The sona masuri rice I have used is from online store popular essentials. I usually do not prefer shopping everyday grocery online, as I am not sure with their package and in time delivery, but this time wanted to try this grocery online option. Ordered ten kg of sona masuri rice and punjabi dal from popular essentials. I must say had a good experience with popular essentials and amazon.in with their in time delivery of grocery with excellent package. The rice bag is with a zip, well stitched and this makes it easy to handle and use. The rice can be stored in this zipper bag. The quality of rice is good, grains are small, clean and with proper proportions of water, we get well cooked non sticky rice.

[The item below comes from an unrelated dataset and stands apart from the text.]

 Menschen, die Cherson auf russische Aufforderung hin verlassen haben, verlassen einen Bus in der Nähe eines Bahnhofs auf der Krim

The price is very much reasonable and affordable. Overall an excellent packing and quality of sona masuri rice from popular essentials. Well the in time delivery and packing from amazon.in needs to be appreciated. I loved the way they delivered the goods without any damage to the product.
The dry masala powder with flavor of dry kopra gives a distinct taste to the rice. Each masala ingredients need to be fried nicely to get nice aroma. The methi leaves adds to the flavor. Try this delicious flavored rice recipe
Let’s see the recipe now
Preparation time: 5 mins
Cooking time: 30 mins
Serves: 4 nos
Sona masuri rice -2 cups (Popular Essentials)

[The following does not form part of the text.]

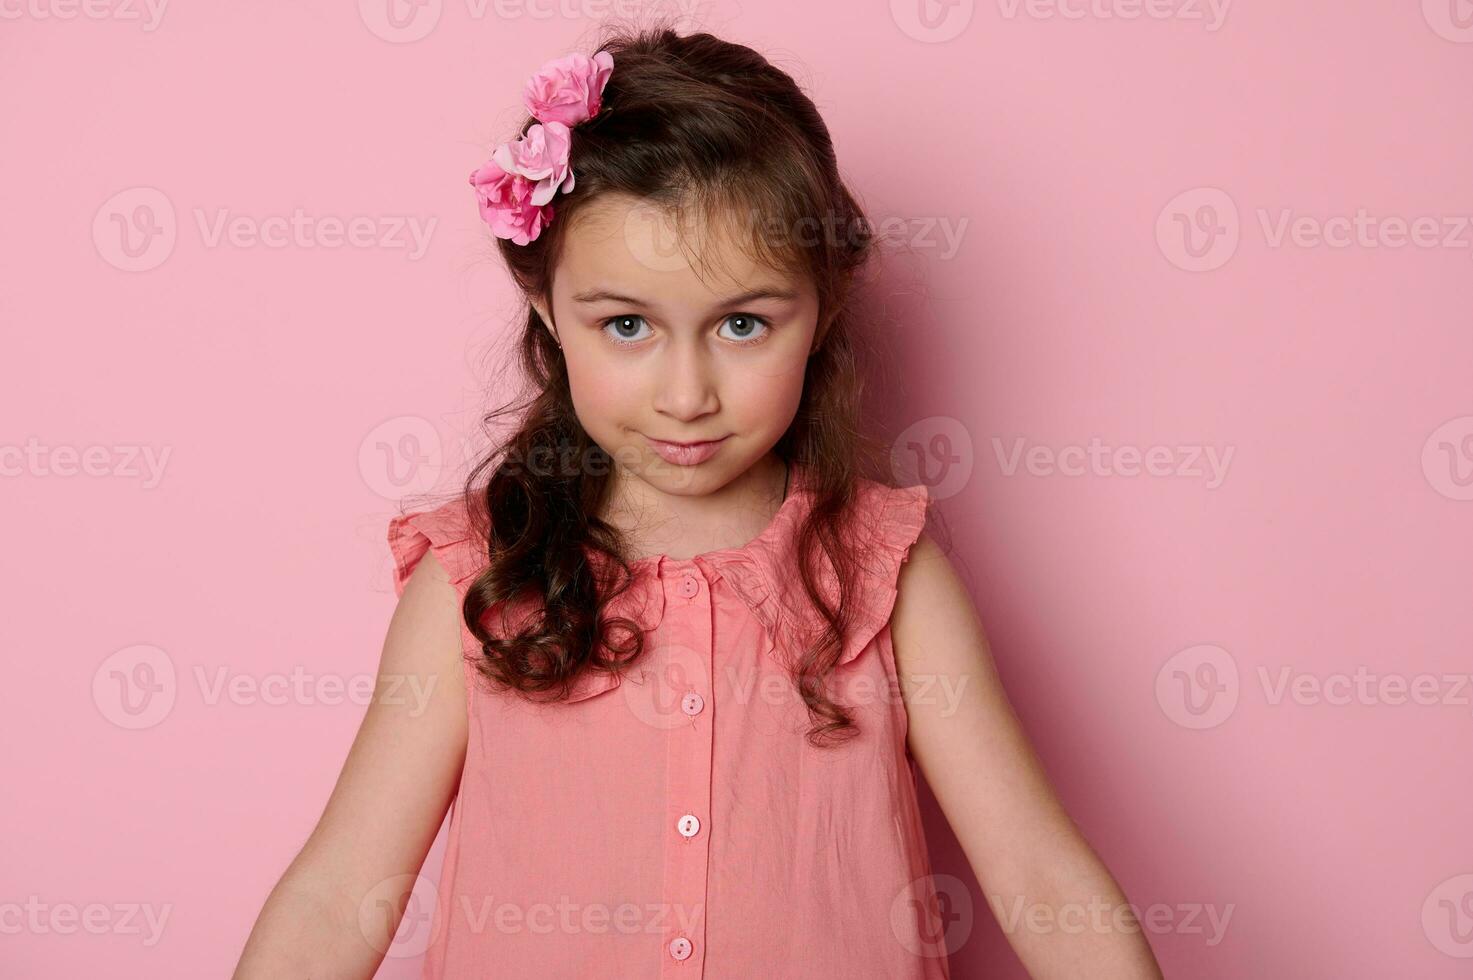 caucásico pequeño niña 6 6 años viejo, con azul ojos y elegante peinado,  vestido en elegante rosado vestir mirando a cámara 25912492 Foto de stock  en Vecteezy

Methi or fenugreek leaves – 1 cup
Potato or aloo cubes – 1 cup
Green Peas – ½ cup
Turmeric powder – 1 tsp
Mustard seeds -1 tsp
Salt to taste
Coconut oil- 2 tbsp
Ghee- ½ tbsp
Lemon juice as per taste
Water- 5 cups
Channa dal – 2 tbsp
Urd dal – 1 ½ tbsp
Coriander seeds -1 tsp
Cumin or jeera – 1 tsp
Dry kopra or coconut – ¼ cup
Asafoetida or hing – ¼ tsp
Red chilies -5 to 6 no
Coconut oil – ½ tbsp
Curry leaves – 4-5
- Soak the sona masuri rice for ½ hour in water. Drain and keep this aside
- Take a pan, roast channa dal and urd dal in coconut oil on medium flame, until they slightly change in colour. Take this out and roast coriander seeds, cumin, red chilies until they slightly change colour. Cool these roasted masala ingredients.
- Take a blender, add the cooled roasted masala ingredients, dry kopra, asafoetida, curry leaves. Keep aside for further use.
- Take a pressure cooker pan, add oil, ghee, mustard seeds, sauté well. Now add the aloo pieces and fry them well until they slightly turn golden. Add peas, powdered masala powder, fry well for a minute.
- Add the methi leaves and sauté well for 2 minutes. Next add the drained rice and fry for a minute.
- Add turmeric powder, salt as per taste, lemon juice, water, mix everything once, close the pressure cooker lid. Cook for 2 whistles. Open the lid after it cools down, mix everything after 5 minutes. Aloo methi rice is ready. Served this aloo methi rice with tomato onion raita.
Soaking the rice helps in better cooking of rice giving non-sticky rice.
Coconut oil can be replaced with any refined oil.